**Collected material**
· · · ·

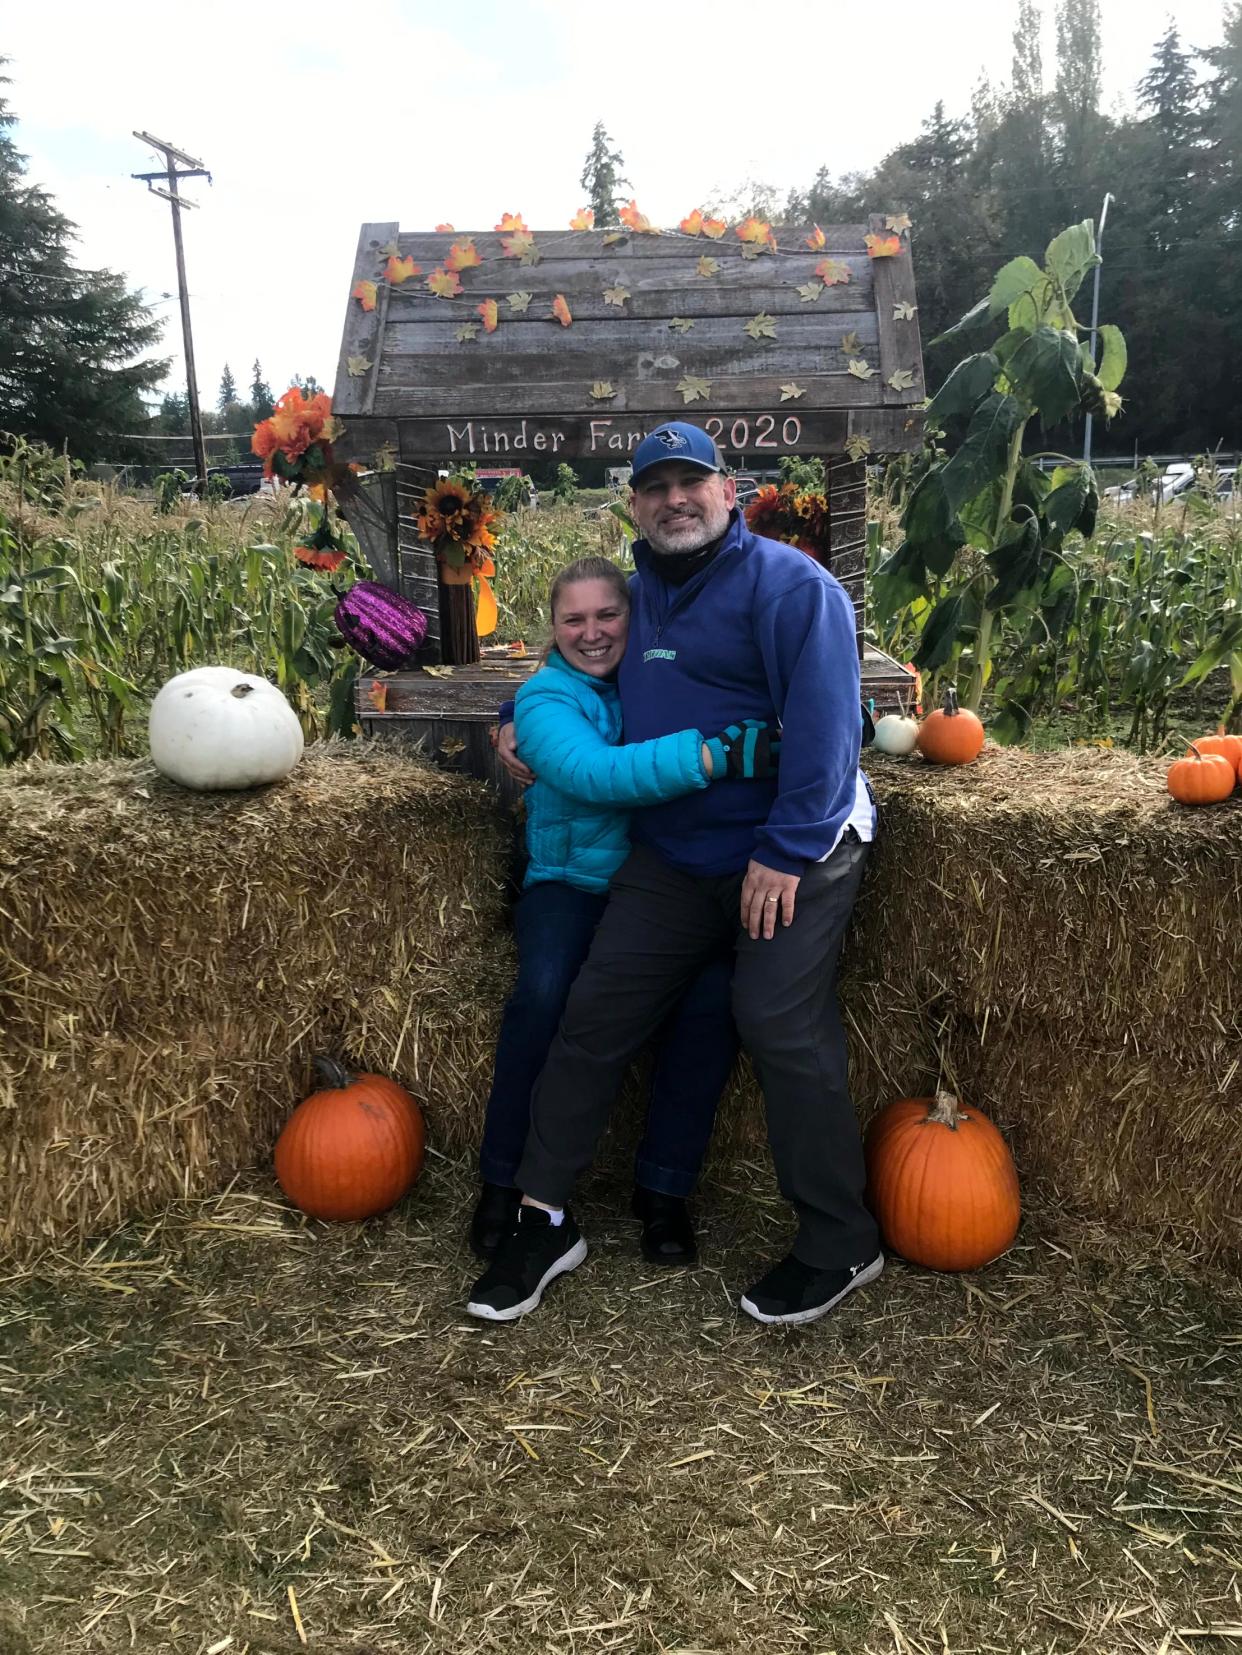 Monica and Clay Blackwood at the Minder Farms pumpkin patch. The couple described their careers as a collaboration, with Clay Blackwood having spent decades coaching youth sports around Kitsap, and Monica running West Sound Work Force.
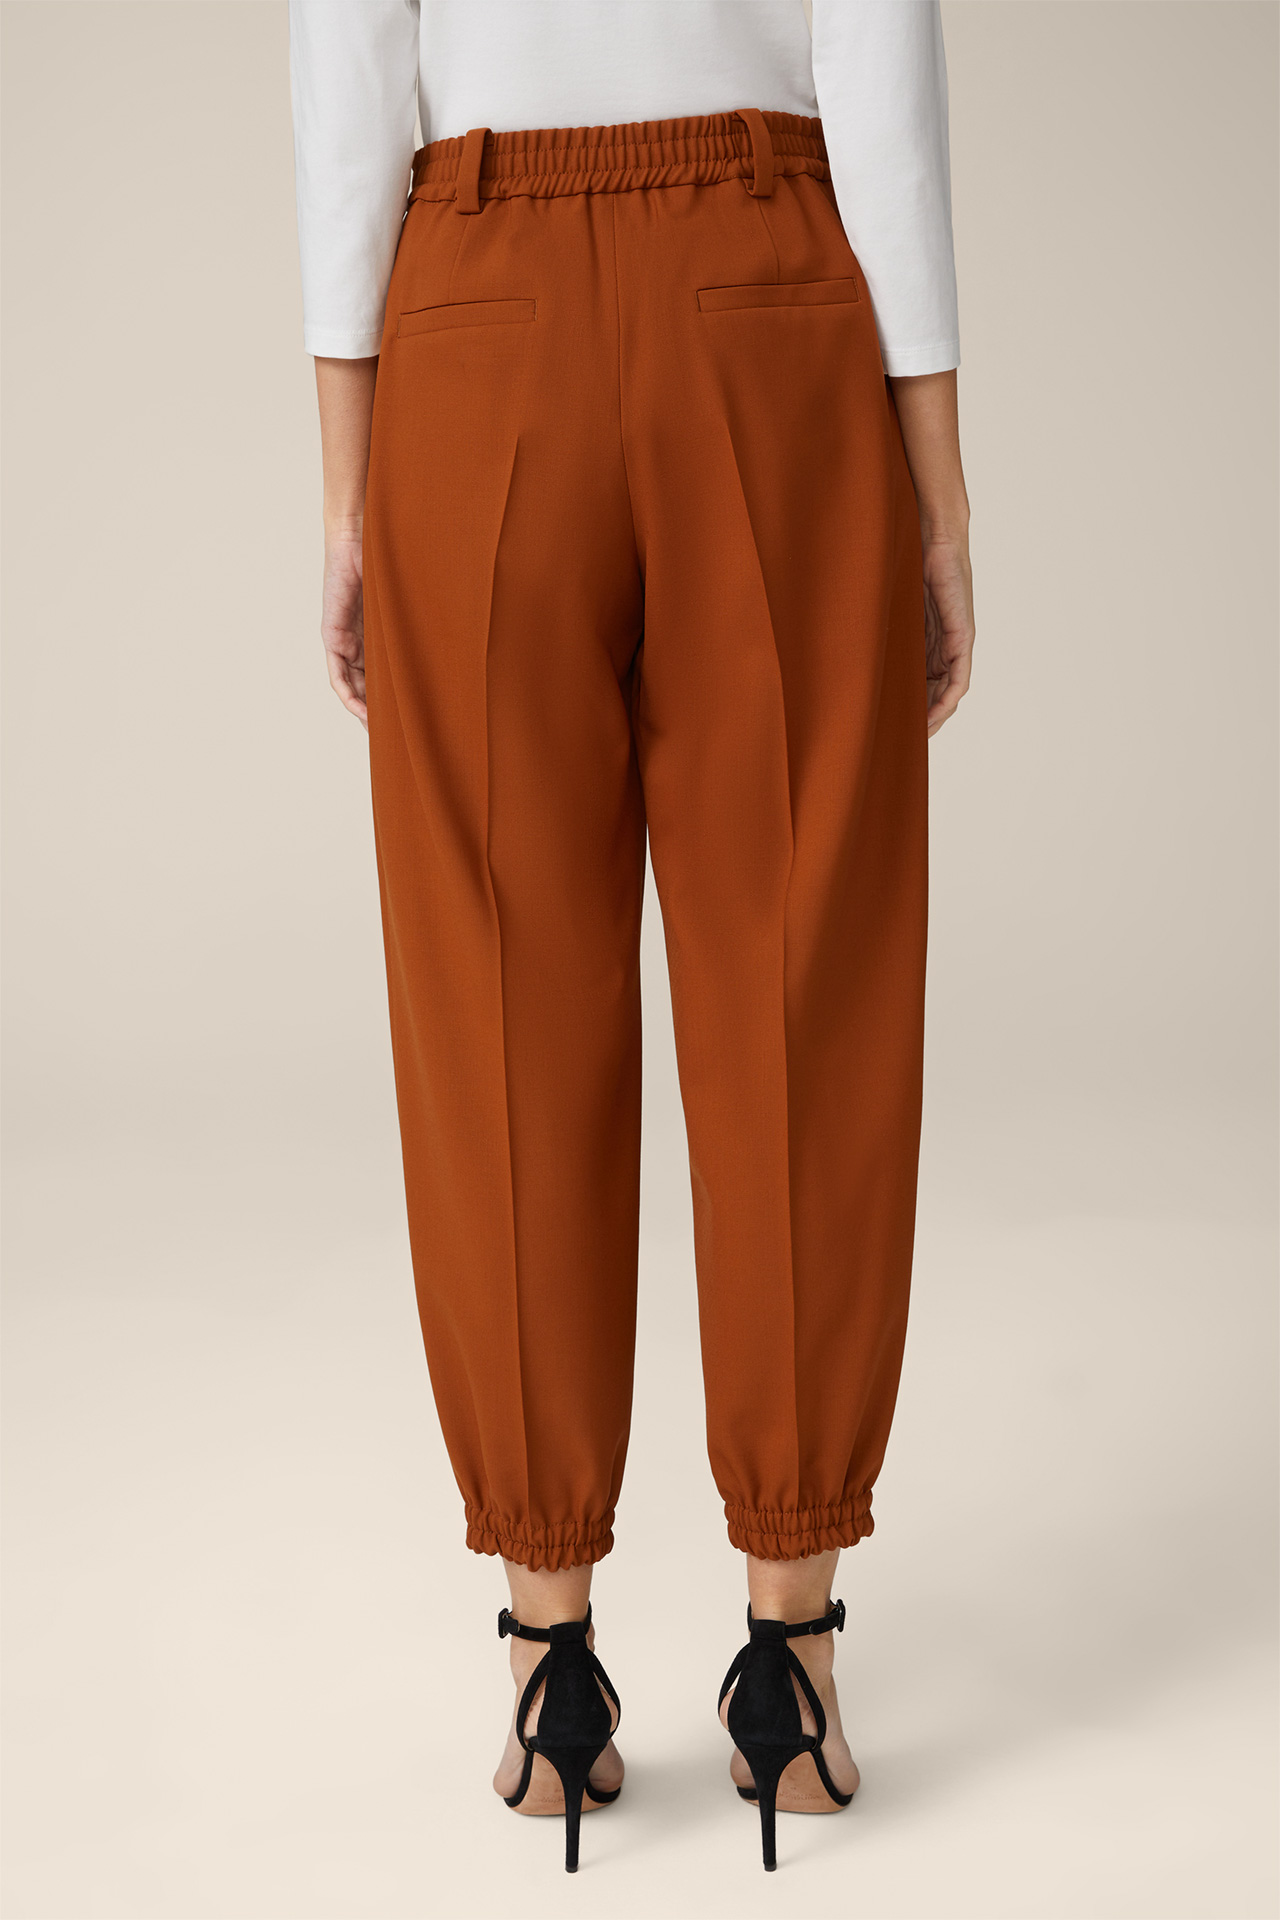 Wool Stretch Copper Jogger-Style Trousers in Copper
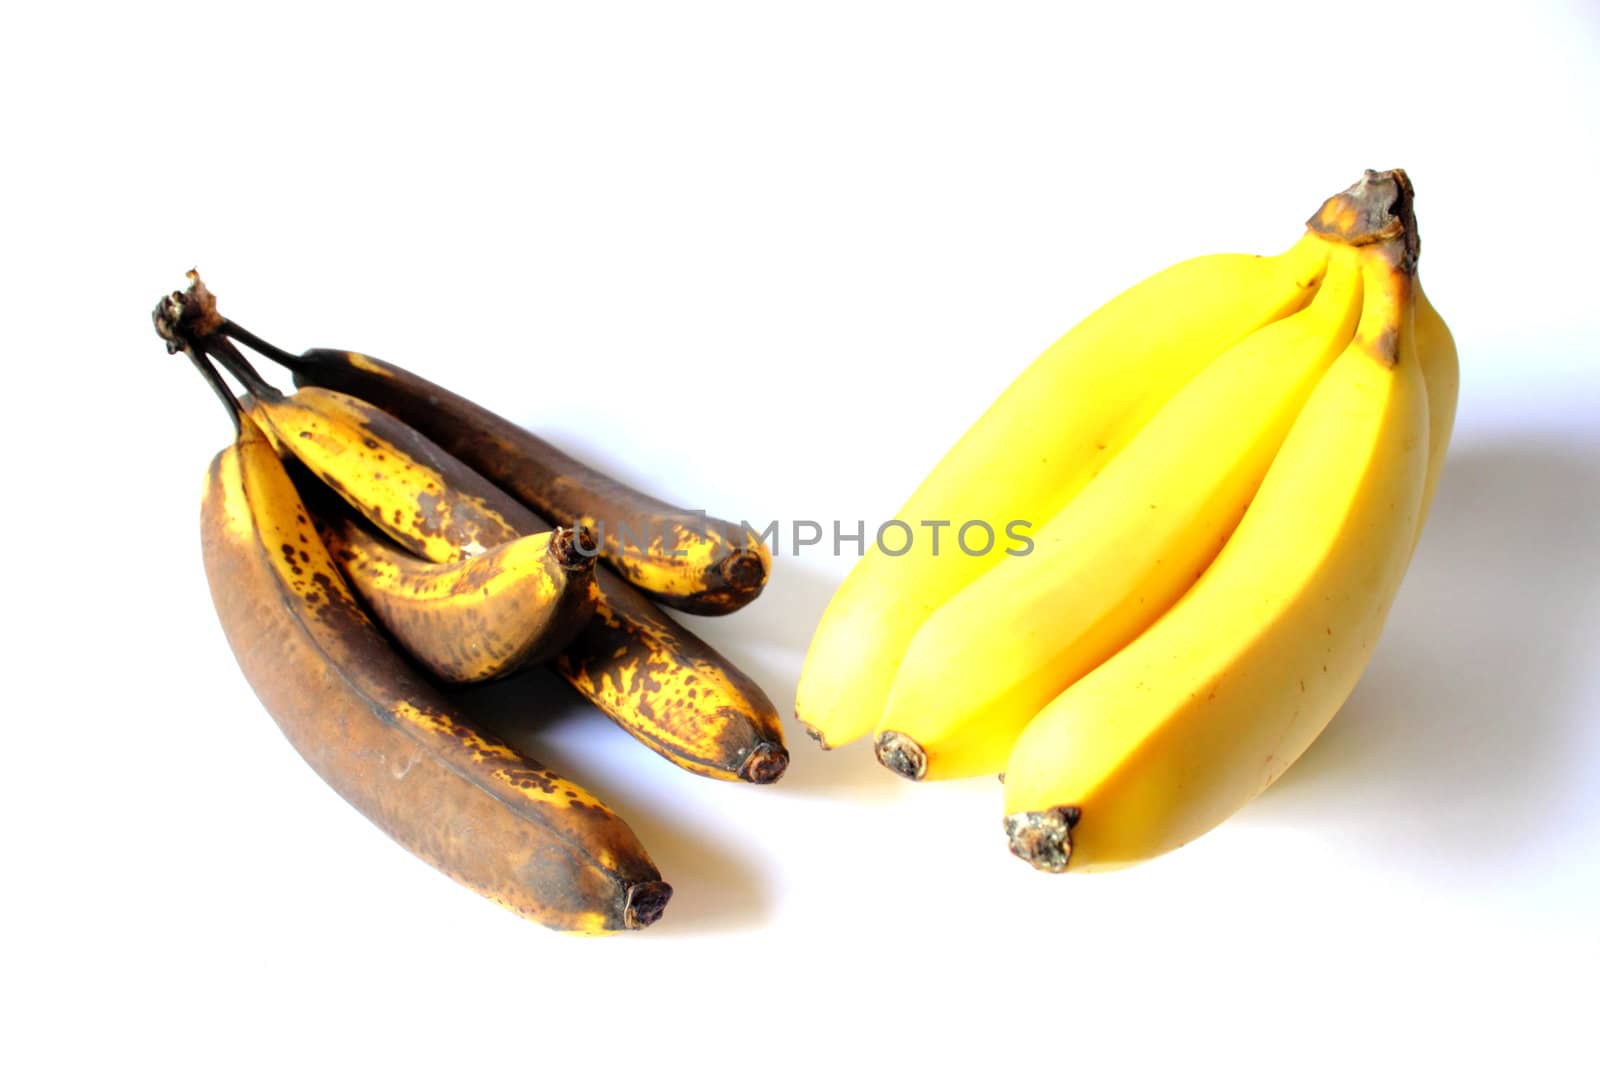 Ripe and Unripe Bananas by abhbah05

· · · ·

**Work instruction**
If a picture appears in the data, omit it; transcribe all the rest exactly.

**Solution to this task**
 Monica and Clay Blackwood at the Minder Farms pumpkin patch. The couple described their careers as a collaboration, with Clay Blackwood having spent decades coaching youth sports around Kitsap, and Monica running West Sound Work Force.
 Wool Stretch Copper Jogger-Style Trousers in Copper
 Ripe and Unripe Bananas by abhbah05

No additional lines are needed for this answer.